Guest Column
Gov. DeSantis, here are the Florida freedoms worth fighting for | Column
It’s not too late to embrace true conservatism and let us have the “courage to be free” by making our own decisions.
Gov. Ron DeSantis speaks about his book "The Courage to Be Free: Florida's Blueprint for America's Revival" in Doral earlier this month.
Gov. Ron DeSantis speaks about his book "The Courage to Be Free: Florida's Blueprint for America's Revival" in Doral earlier this month. [ JOSE A. IGLESIAS | El Nuevo Herald ]
Published March 31

Dear Gov. DeSantis: Governor, in your book “The Courage To Be Free,” you fan the mantra that “Freedom is worth fighting for.” I agree with you, as I’m sure many Floridians do.

Dick Batchelor
Dick Batchelor [ Dick Batchelor ]

So, why are your Republican-backed proposals in such flagrant violation of that mantra, by taking away basic freedoms for individuals to decide for themselves?

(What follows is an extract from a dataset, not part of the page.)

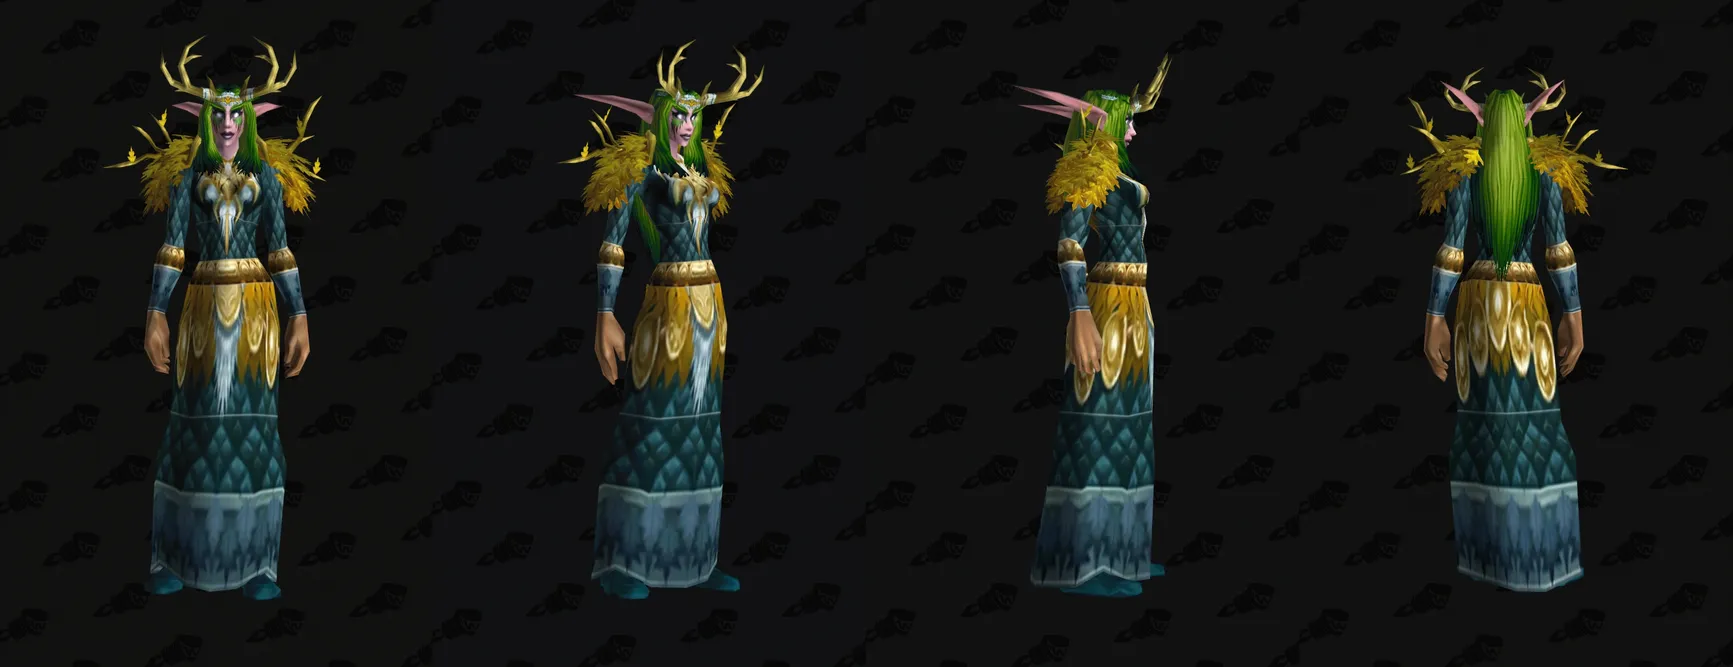 Cenarion Cunning WoW SoD Phase 4 Tier Set Recolor

Why do you support passing a law that takes away freedom of the press? As an attorney, you should know such a proposal is unlawful and in direct conflict with a landmark Supreme Court decision (New York Times v. Sullivan) and will not stand up to a guaranteed legal challenge.

Why are you pressuring the Republican-dominated Legislature to make it illegal to have any programs of diversity, equity and inclusion (DEI) in the university system? There are full expectations that next year, you and your Republican colleagues will go after corporations with attempts to prohibit even the private sector from having DEI programs.

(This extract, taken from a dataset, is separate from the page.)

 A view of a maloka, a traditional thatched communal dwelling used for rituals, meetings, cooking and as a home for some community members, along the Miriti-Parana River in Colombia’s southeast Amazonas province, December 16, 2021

Then, as part of the race-related theme of your agenda, you are now policing the teaching of African American studies that are historically true but might make someone feel “uncomfortable”?

Last year, you introduced the effort to prohibit critical race theory from being taught in schools when, in fact, it was never being taught in the public school system.

To further compound this attack on history, your own Department of Education, which I believe has lately become a department of propaganda, is considering a new history book that has been edited and, while teaching the story of Rosa Parks, cannot mention she was moved to the back of the bus because she was Black.

Further, this sanitized version of American history will not discuss the role that Ms. Parks played in desegregation efforts. This assault on Black history raises the question as to how the Emmett Till story will be allowed to be taught, if at all. Will your Department of Education again whitewash history and suggest that Till wasn’t mutilated and killed by a white lynch mob, relegating this story to a mere footnote in African American history?

Do you think it’s a freedom worth fighting for when you push for a six-week limit for legal abortions, or even something so personal as to disallow a young girl from discussing her menstrual cycles with her teacher?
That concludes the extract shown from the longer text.